NextGEN airspace redesign program looks to increase air travel efficency

A $5 million pilot project that is supposed to make the skies safer, cheaper and more efficient took off today at Oakland International Airport.

It's called NextGEN and eventually it will replace older technology nationwide.
Right now the project will be tested at Oakland, San Francisco, San Jose and Sacramento's airports.

The FAA says the news system uses satellite technology coordinated with ground based tracking. They say the new system will enable air traffic controllers to land airplanes more precisely.
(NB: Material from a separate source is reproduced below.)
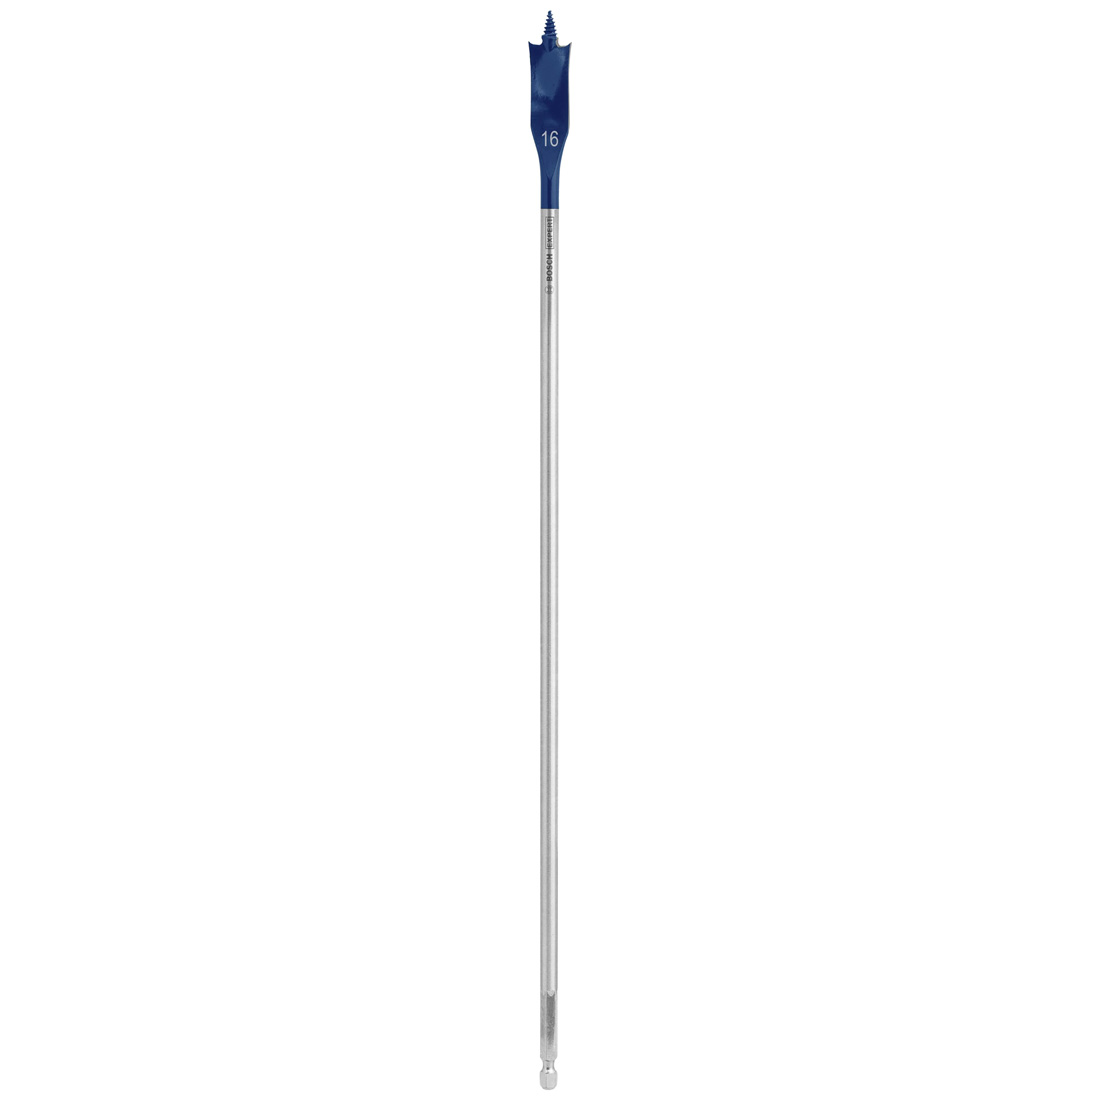 Bosch Professional 1x Expert SelfCut Speed Spade Drill Bit for Softwood, Chipboard, Ø 40,00 mm, Accessories Rotary Impact Drill 
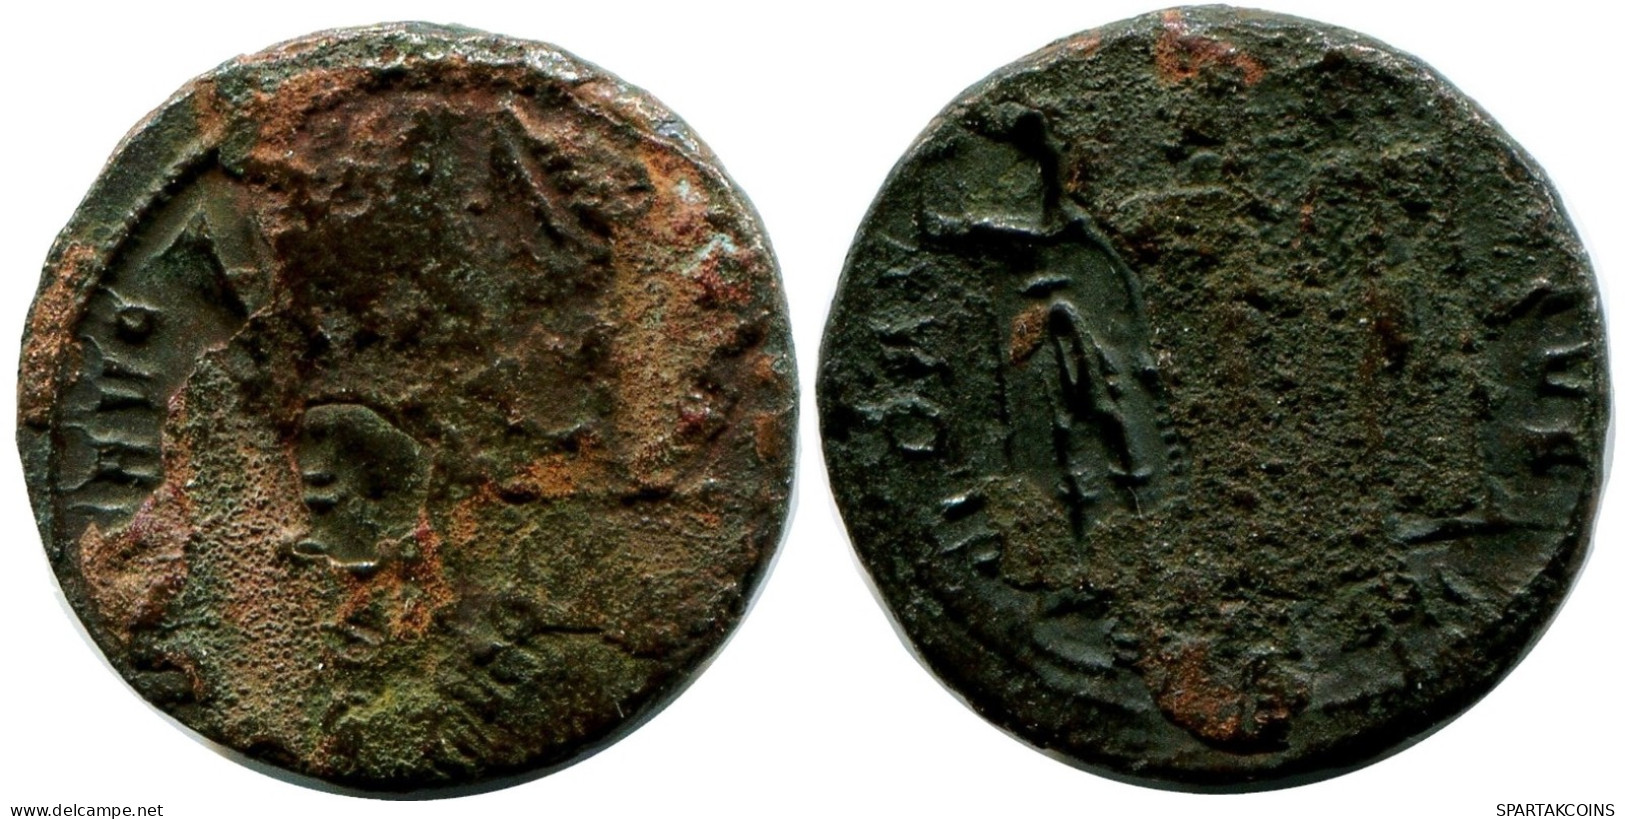 CONSTANTINE I MINTED IN THESSALONICA FOUND IN IHNASYAH HOARD #ANC11120.14.E.A - El Imperio Christiano (307 / 363)

The result should allow planes to fly closer together and they will do it with less noise.

This will save time, jet fuel and money for both the airlines and passengers, according to the FAA.

“NextGEN is right now. There are things that we are doing that are improving the use of the air space that will result in a lot of benefits right away,” FAA Acting Administrator Michael Huerta told NBC Bay Area.

“It's one of the nation's busiest. Oakland sits about eight miles from San Francisco and San Jose is about 20 miles to the south. But we've got the group to do it. It's time for these procedures to be changed." said Steve Hefley with the National Air Traffic Controller Association. 

Once implemented, the FAA estimates annual savings for the NextGEN Program will total 2.3 million gallons of fuel, $6.5 million in reduced fuel cost, 23,000 metric tons in reduced CO2 and 1.5 million fewer miles flown. 

This is the sixth NextGEN project to kick off around the country. The FAA hopes to have this satellite based technology fully operational at 21 sites nationwide by 2016.